(Recorded data)
::::

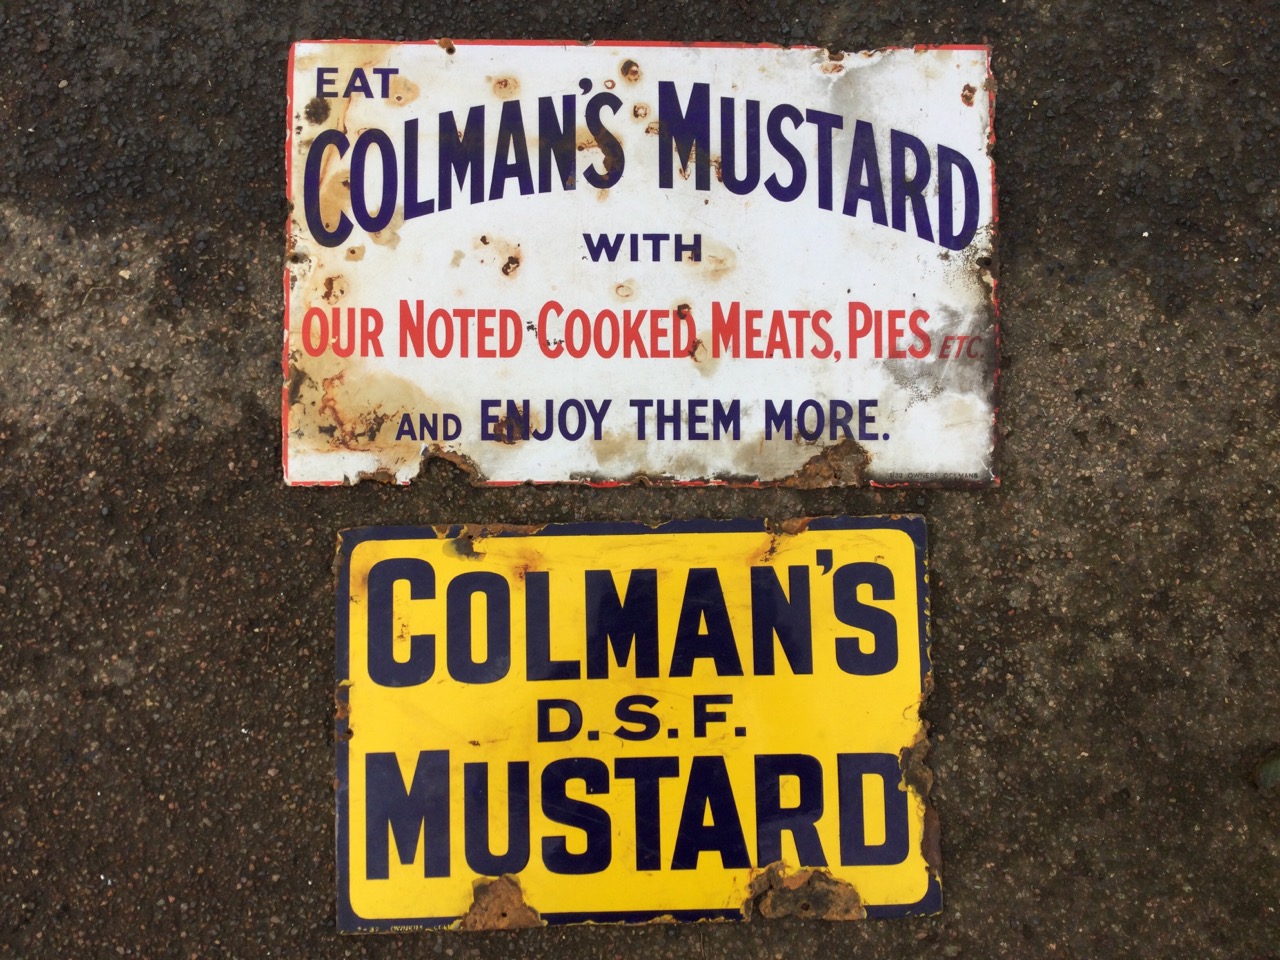 A rectangular enamelled advertising sign - Eat Colman’s Mustard with Our Noted Cooked Meats, Pies,
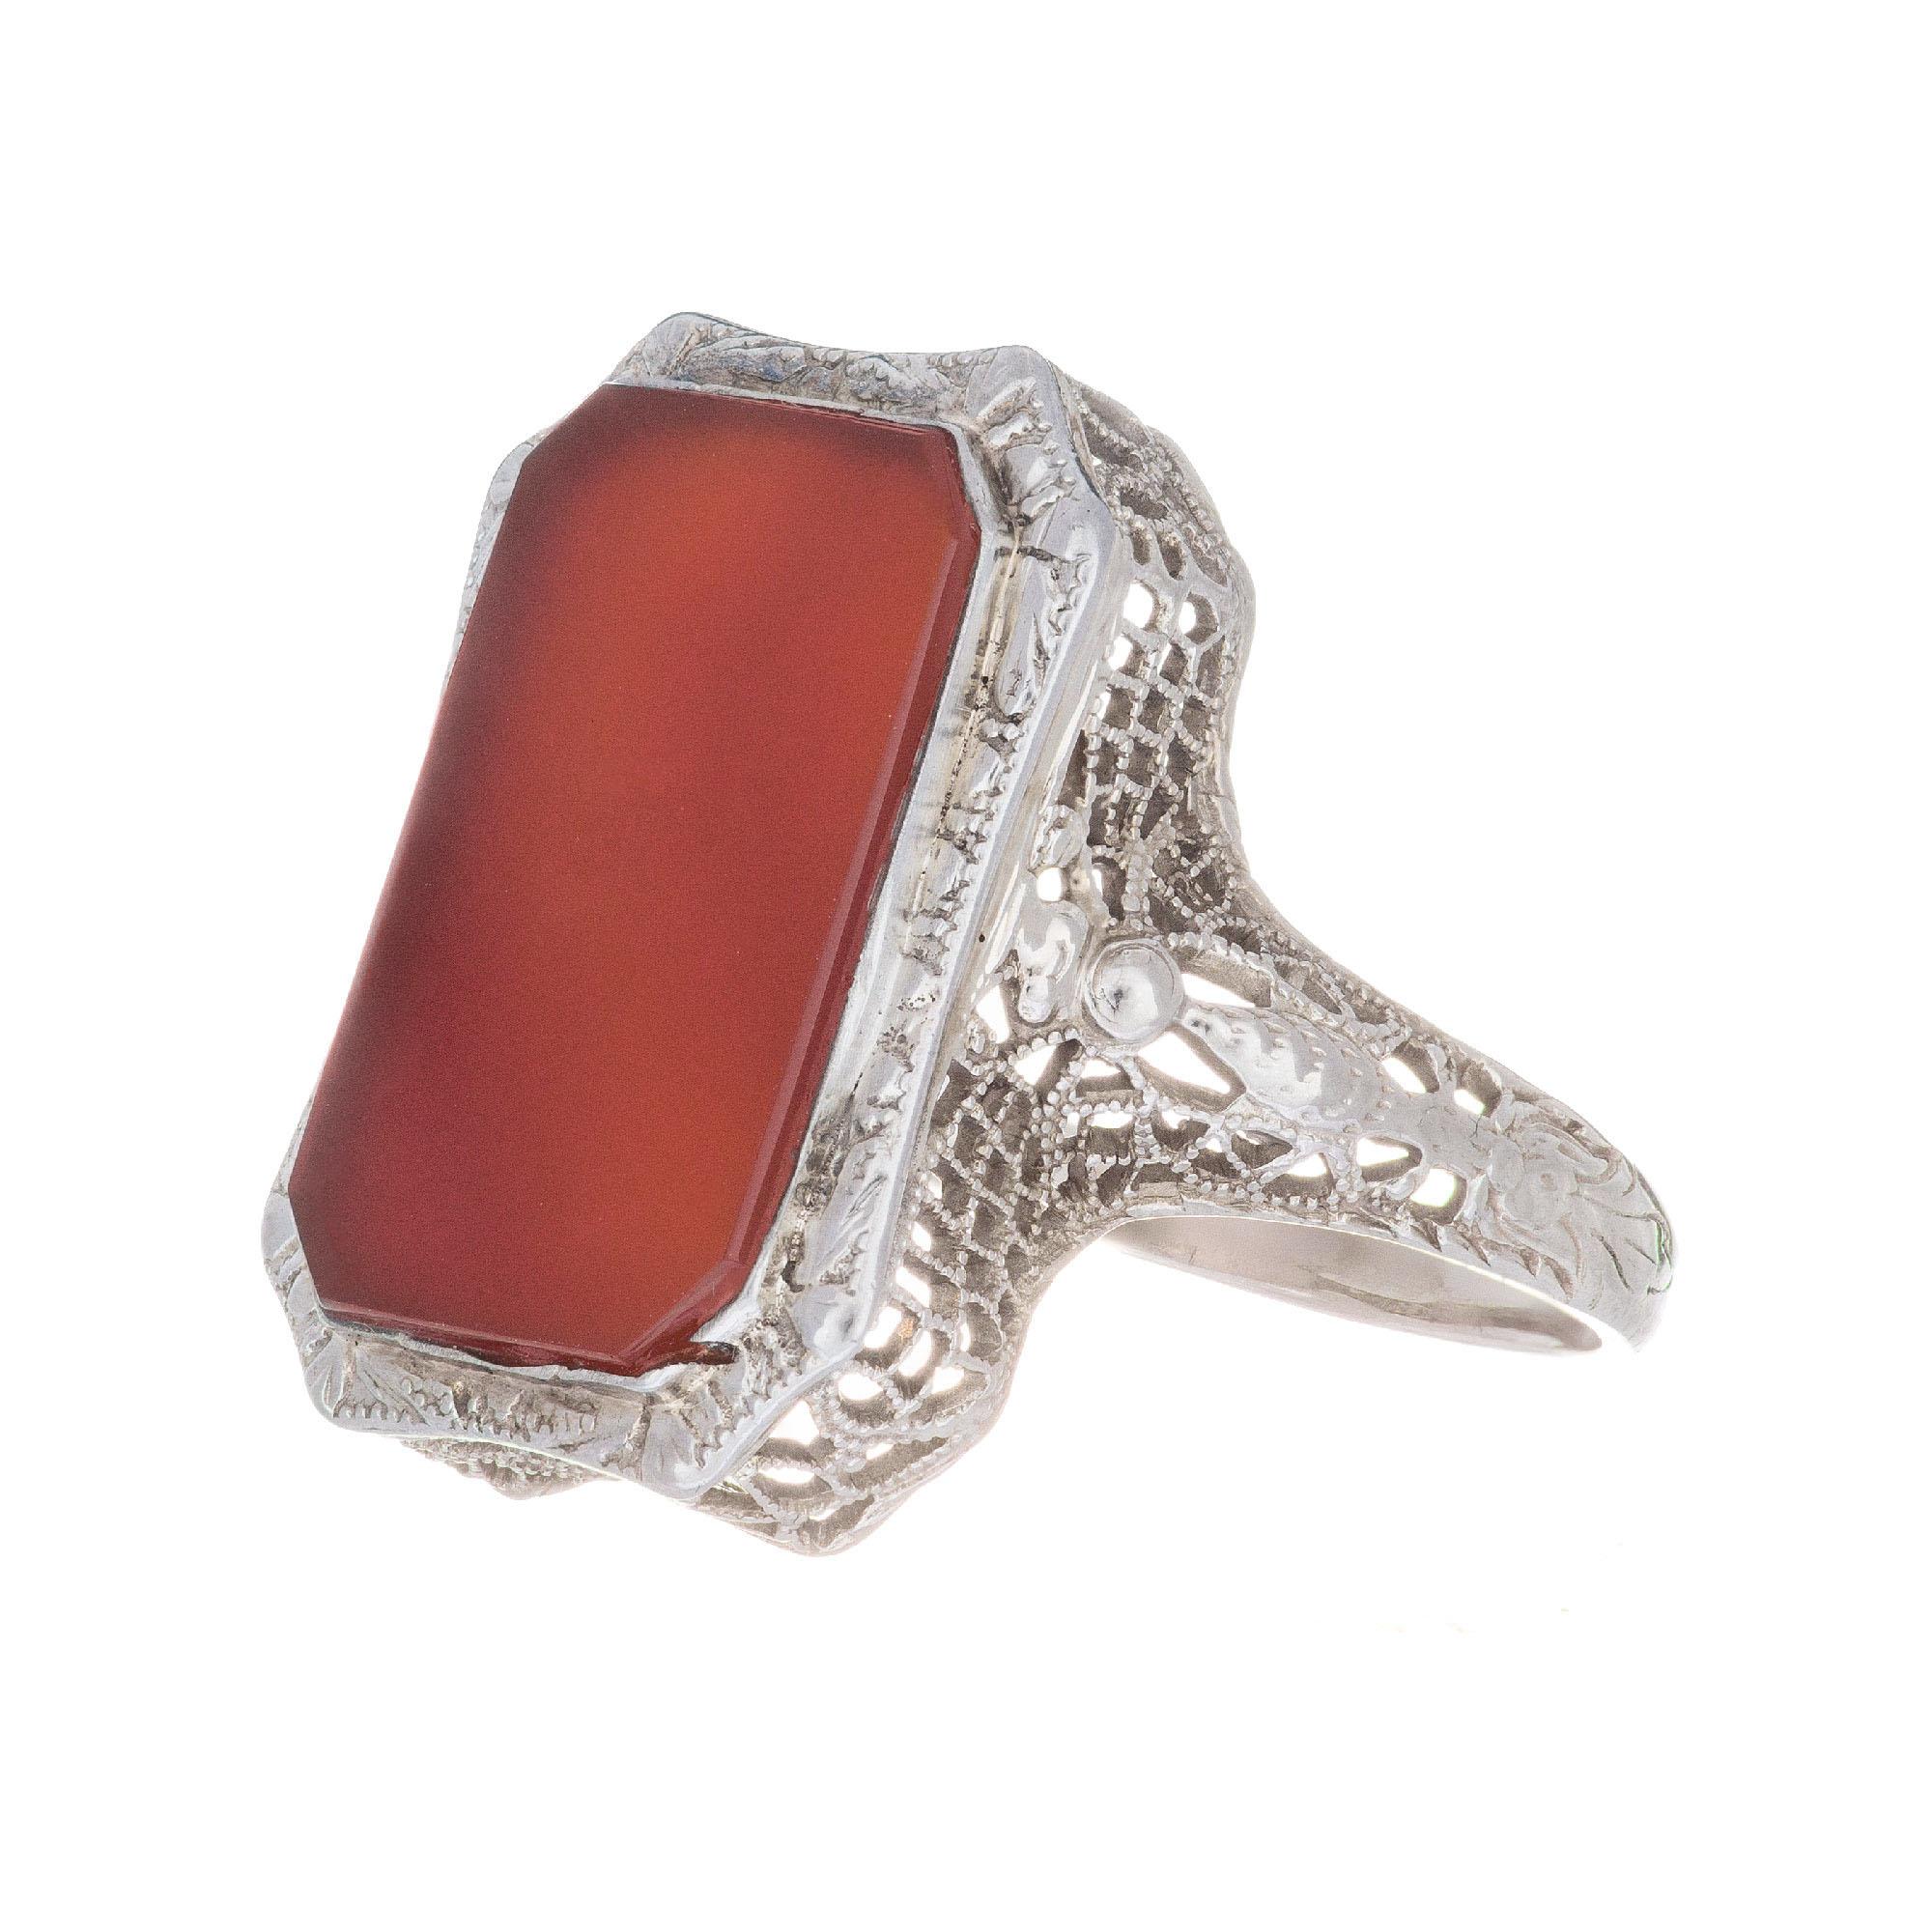 Estate 1930's translucent rectangular carnelian center stone in a 14k white gold filigree setting. 

1 cut cornered rectangular orange carnelian 
Size 7 and sizable
14k white gold 
Stamped: 14k
3.7 grams
Width at top: 19.6mm
Height at top:

::::

Your assignment: Exact copies of the line with "Size 7 and sizable" and of every later line in the entries make up the whole answer.

Answer box:
Size 7 and sizable
14k white gold 
Stamped: 14k
3.7 grams
Width at top: 19.6mm
Height at top:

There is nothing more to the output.